## Problem to solve
Could you write out, exactly as they stand, only the lines in the listing below from the line with "دانلود انیمه Iron" to the line with "Modern Artemide Nur", both ends included, without the pictures?

## Dataset records
- Opening Delimiter -
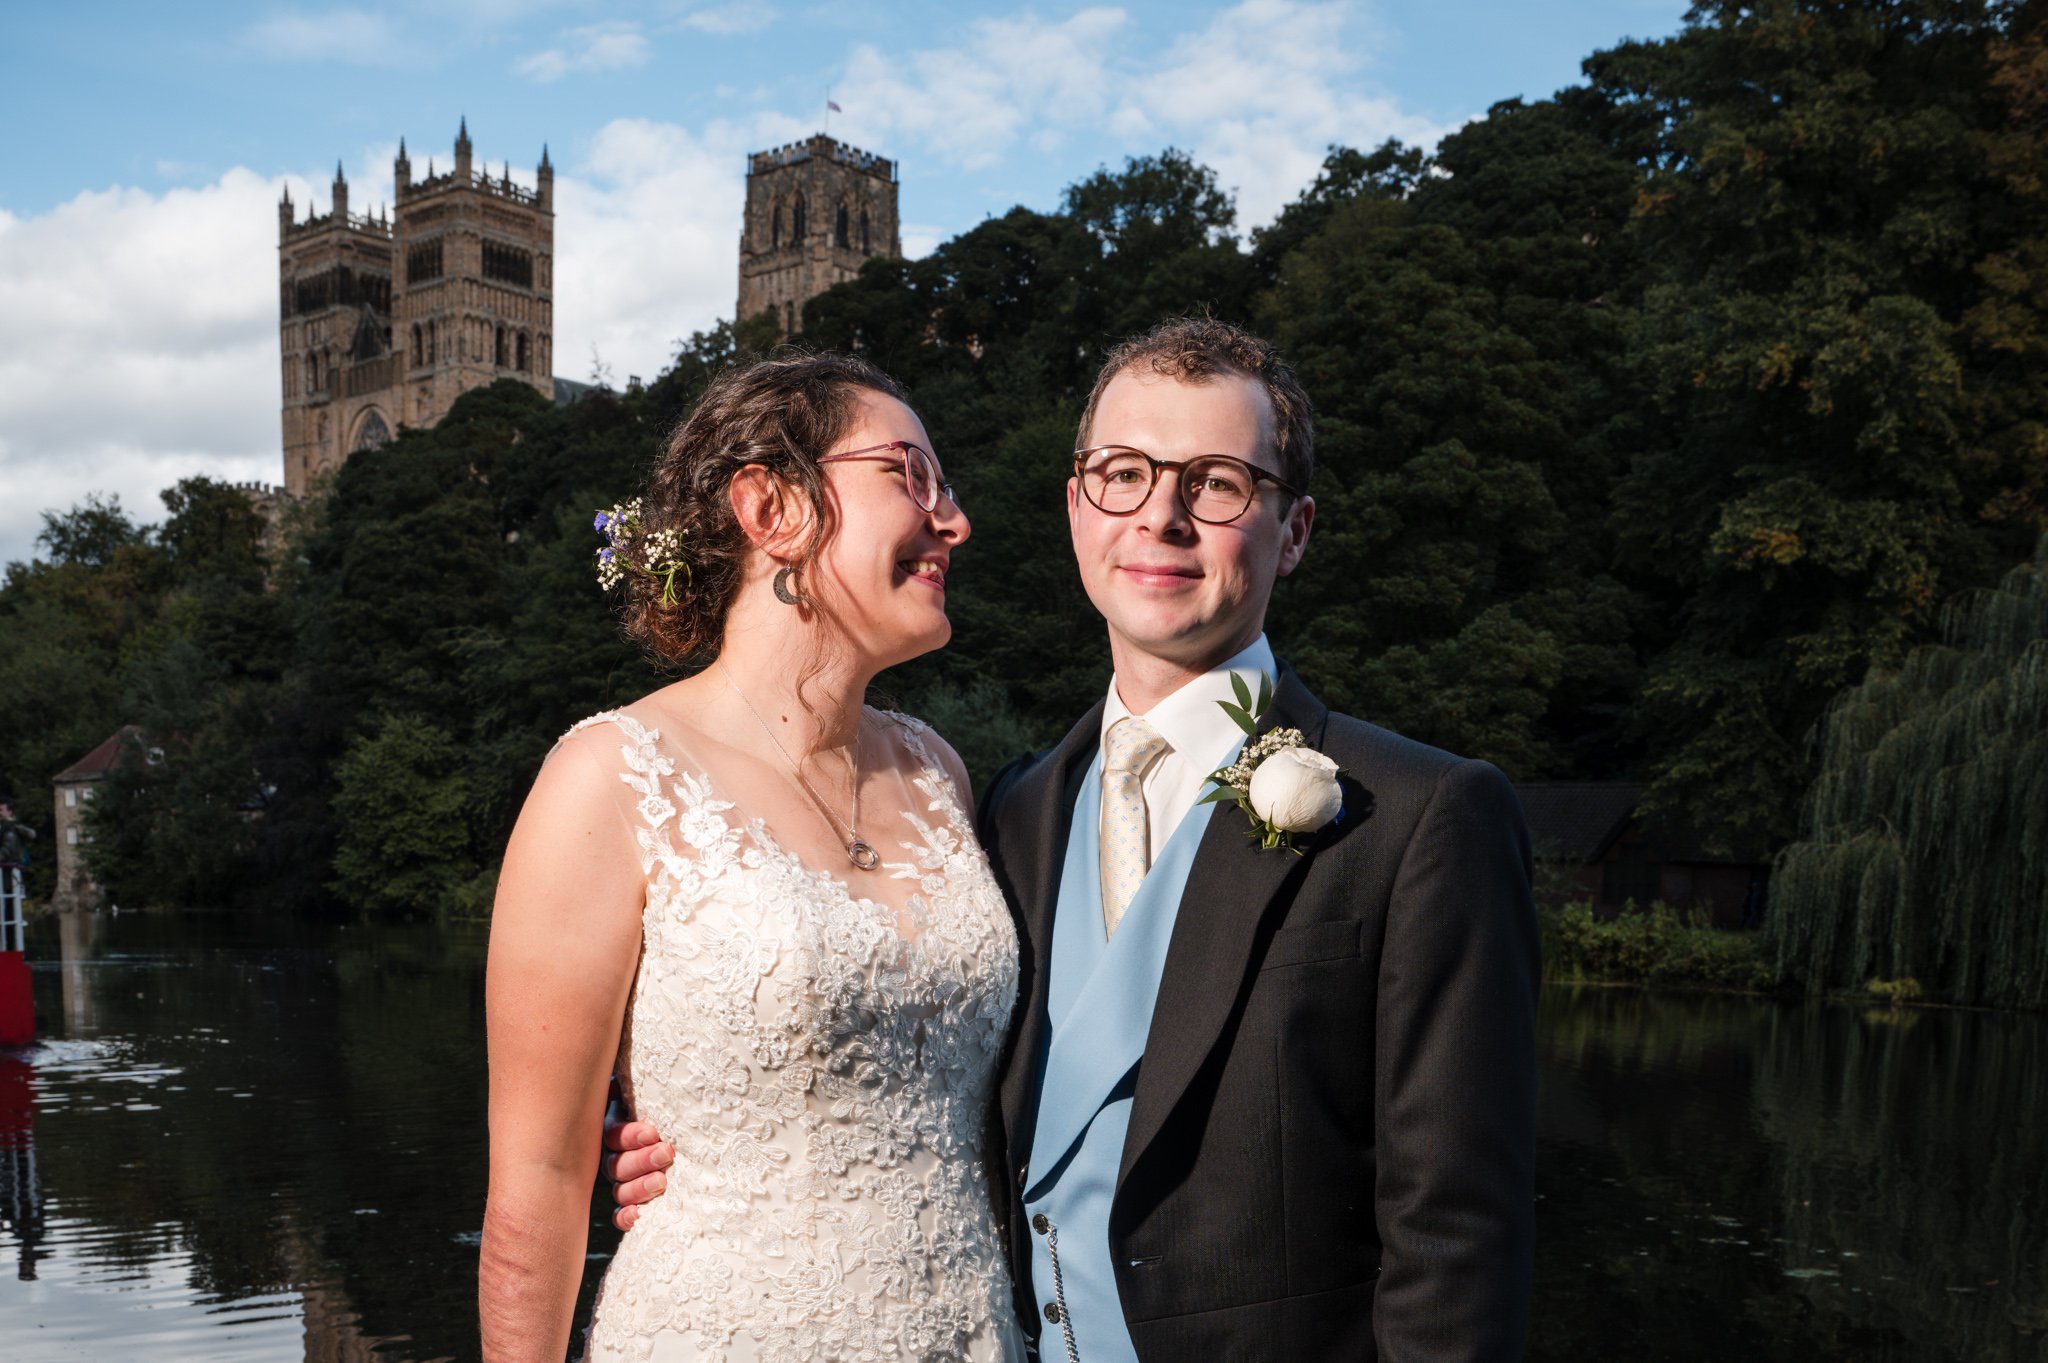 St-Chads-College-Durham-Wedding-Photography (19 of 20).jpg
- Closing Delimiter -
- Opening Delimiter -
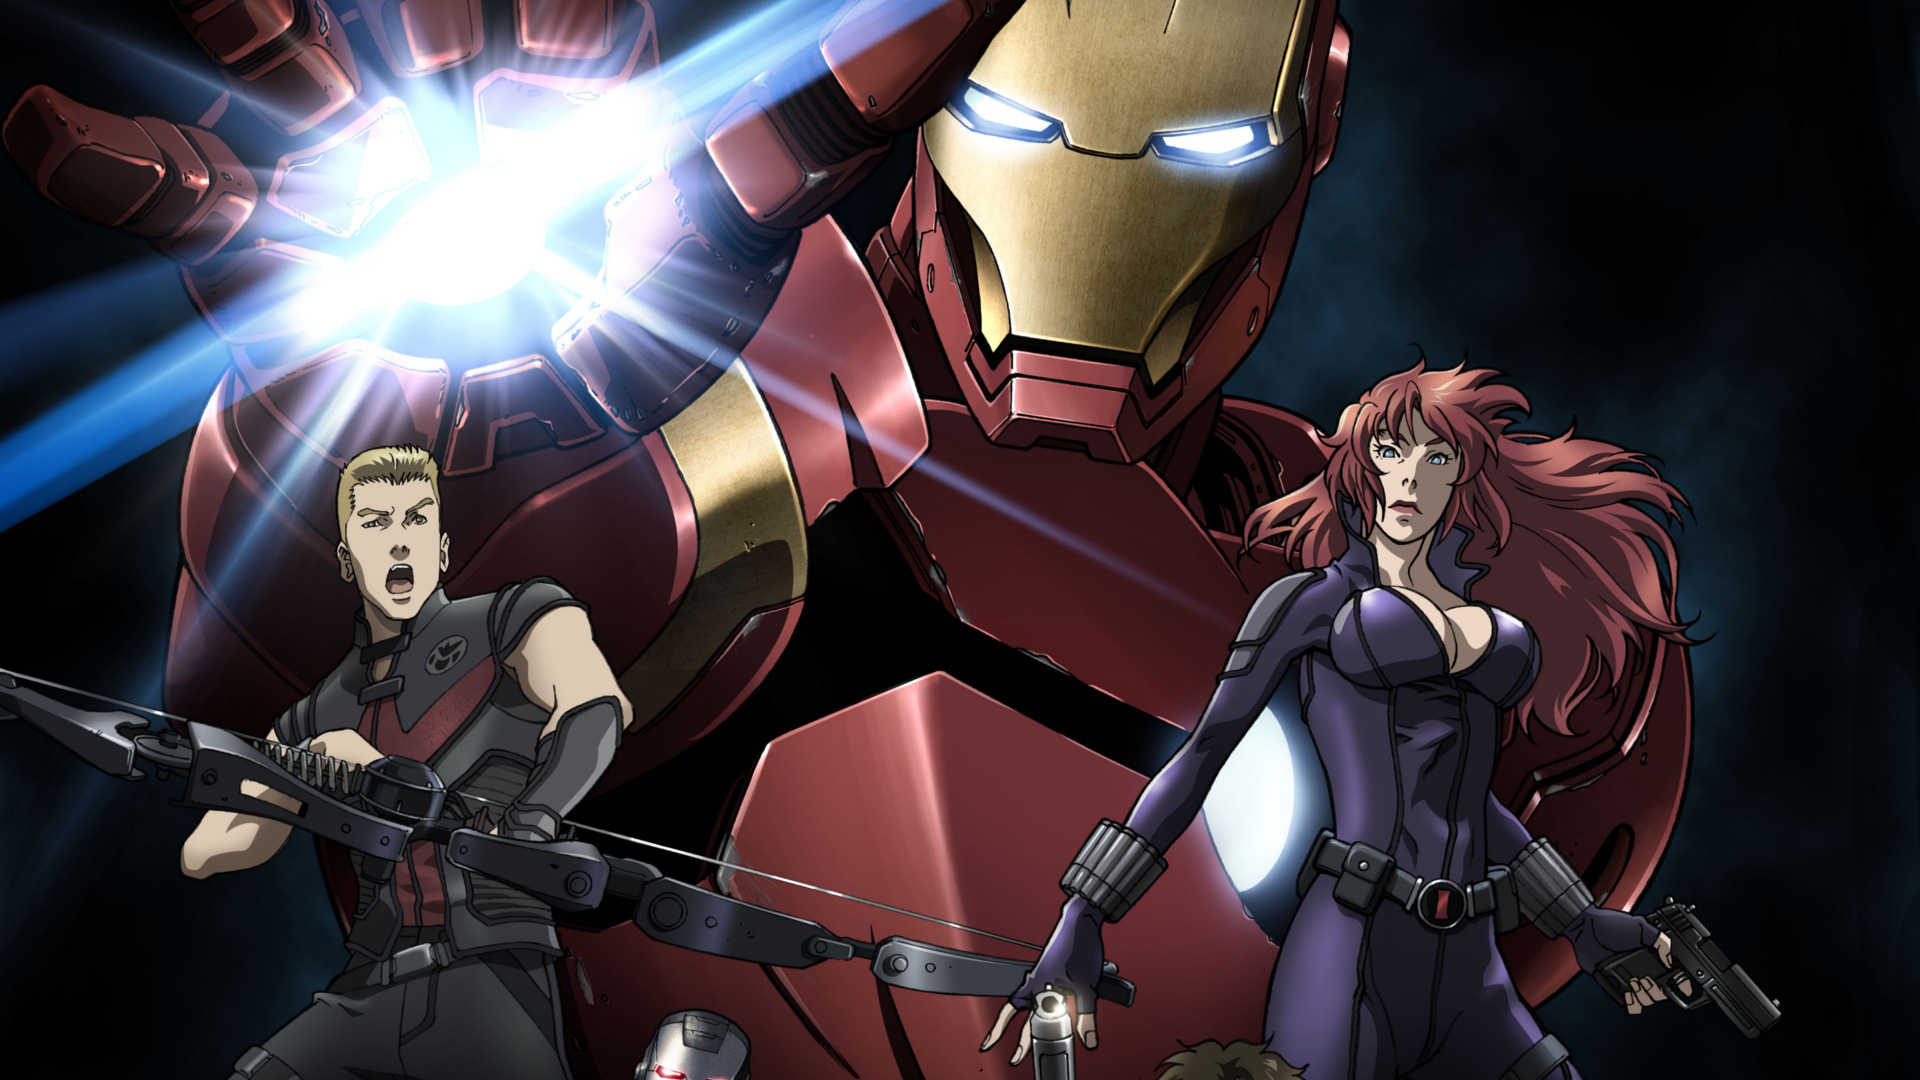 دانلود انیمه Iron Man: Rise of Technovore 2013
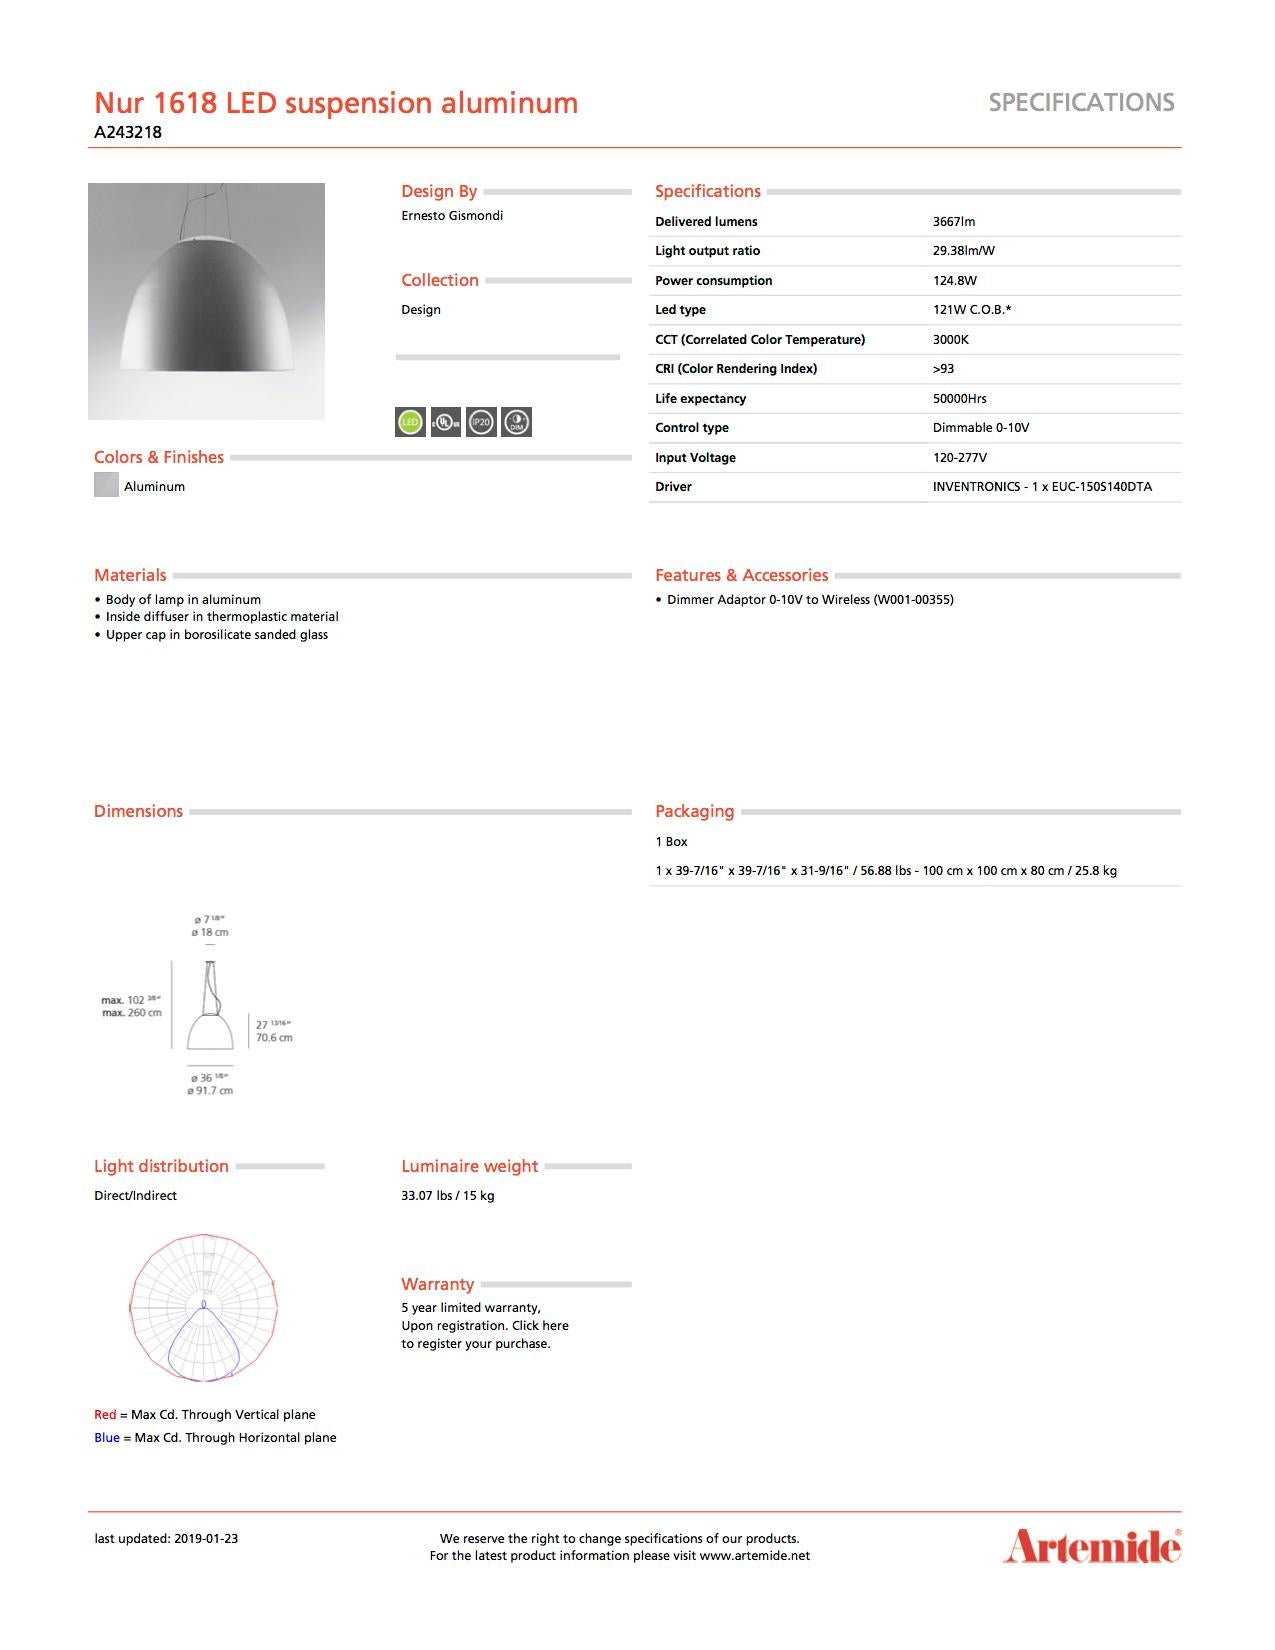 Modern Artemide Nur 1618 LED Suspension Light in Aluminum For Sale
- Closing Delimiter -
- Opening Delimiter -
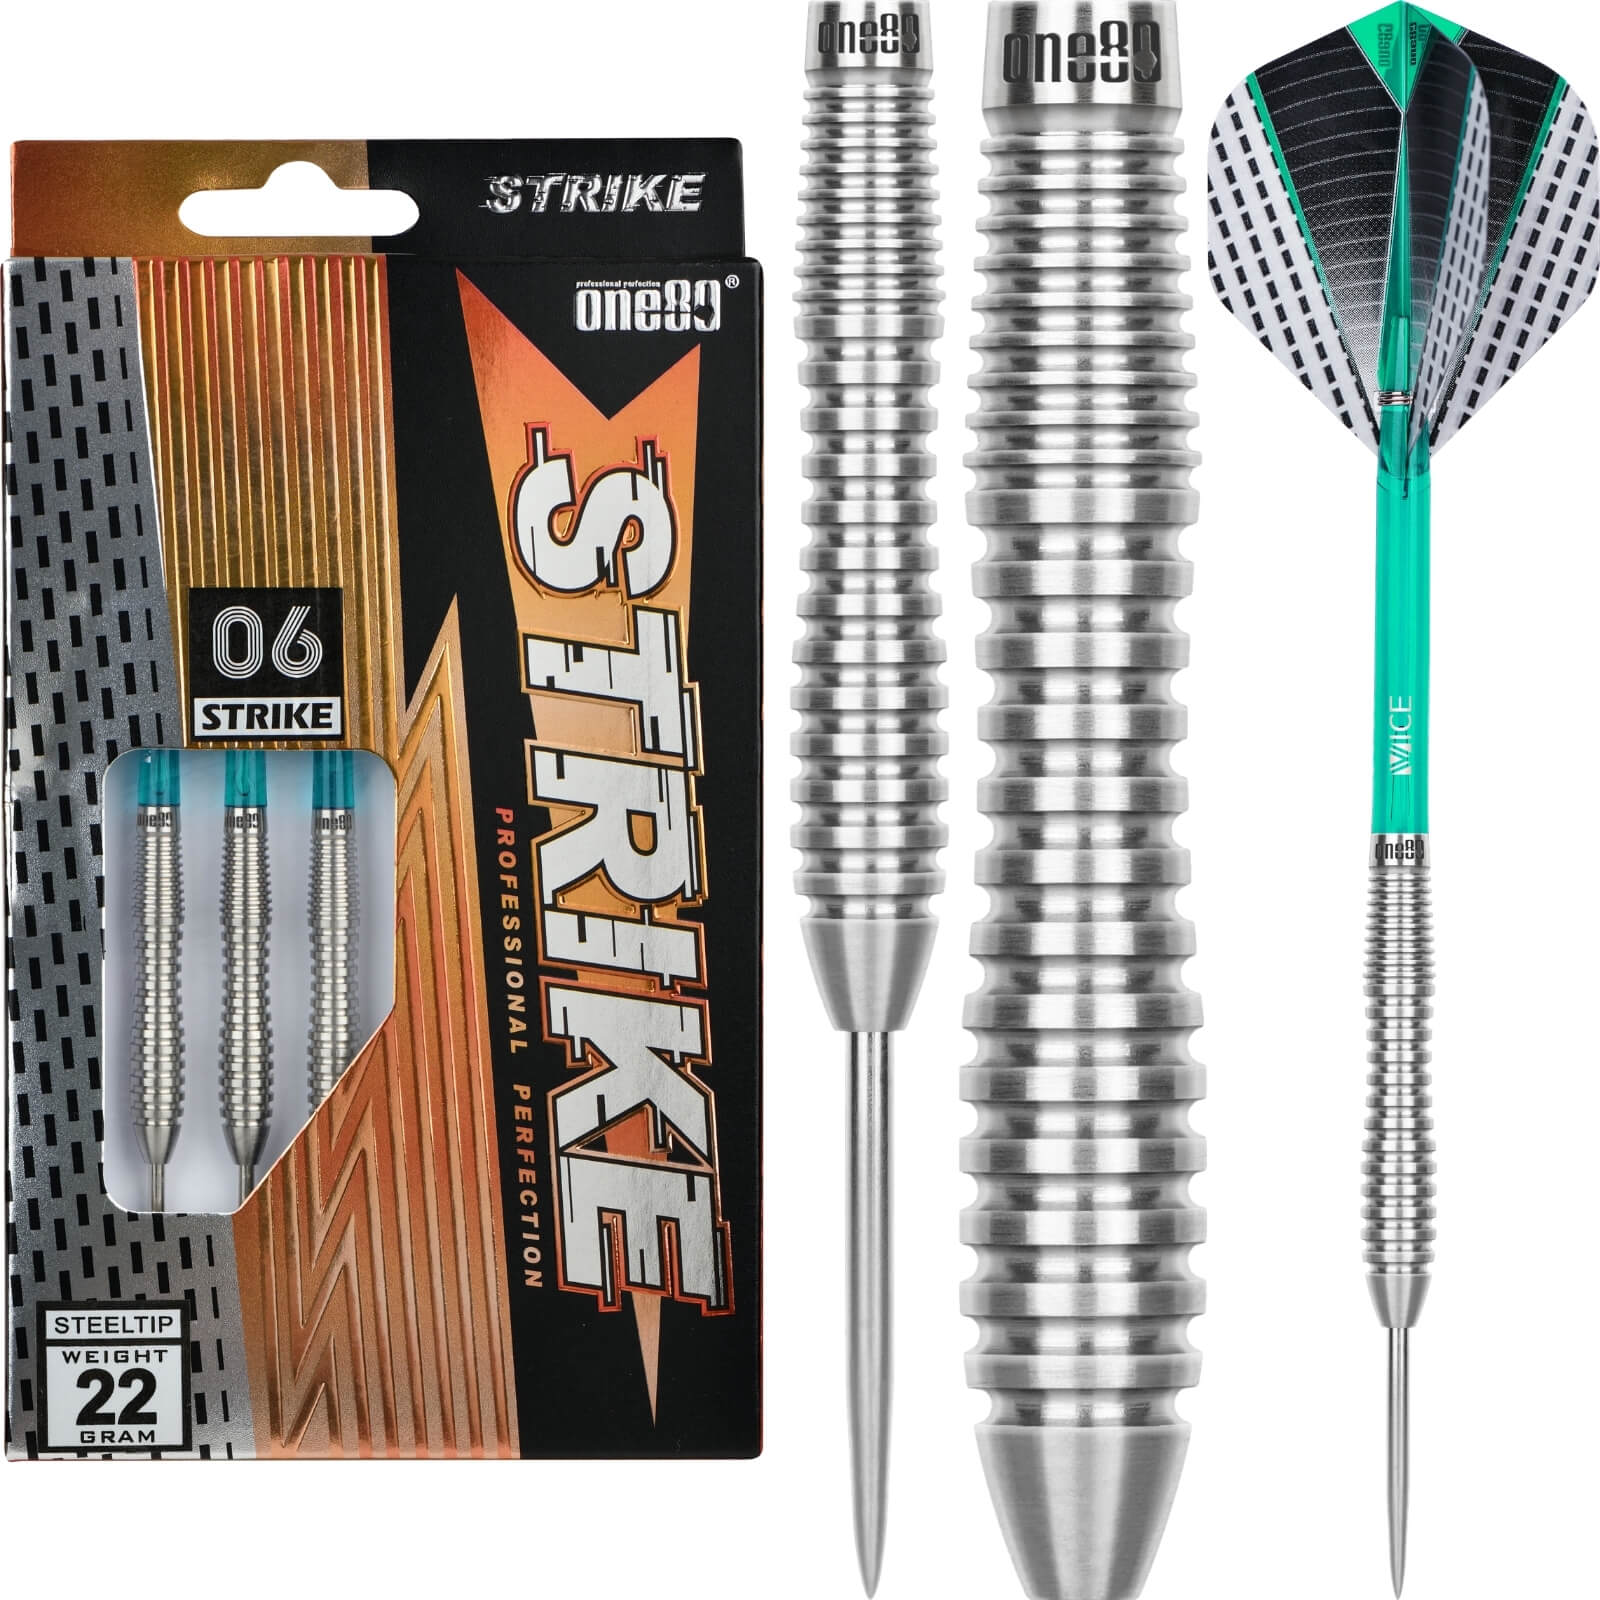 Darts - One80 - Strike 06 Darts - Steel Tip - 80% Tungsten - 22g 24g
- Closing Delimiter -
## Solution to the exercise
 دانلود انیمه Iron Man: Rise of Technovore 2013
 Modern Artemide Nur 1618 LED Suspension Light in Aluminum For Sale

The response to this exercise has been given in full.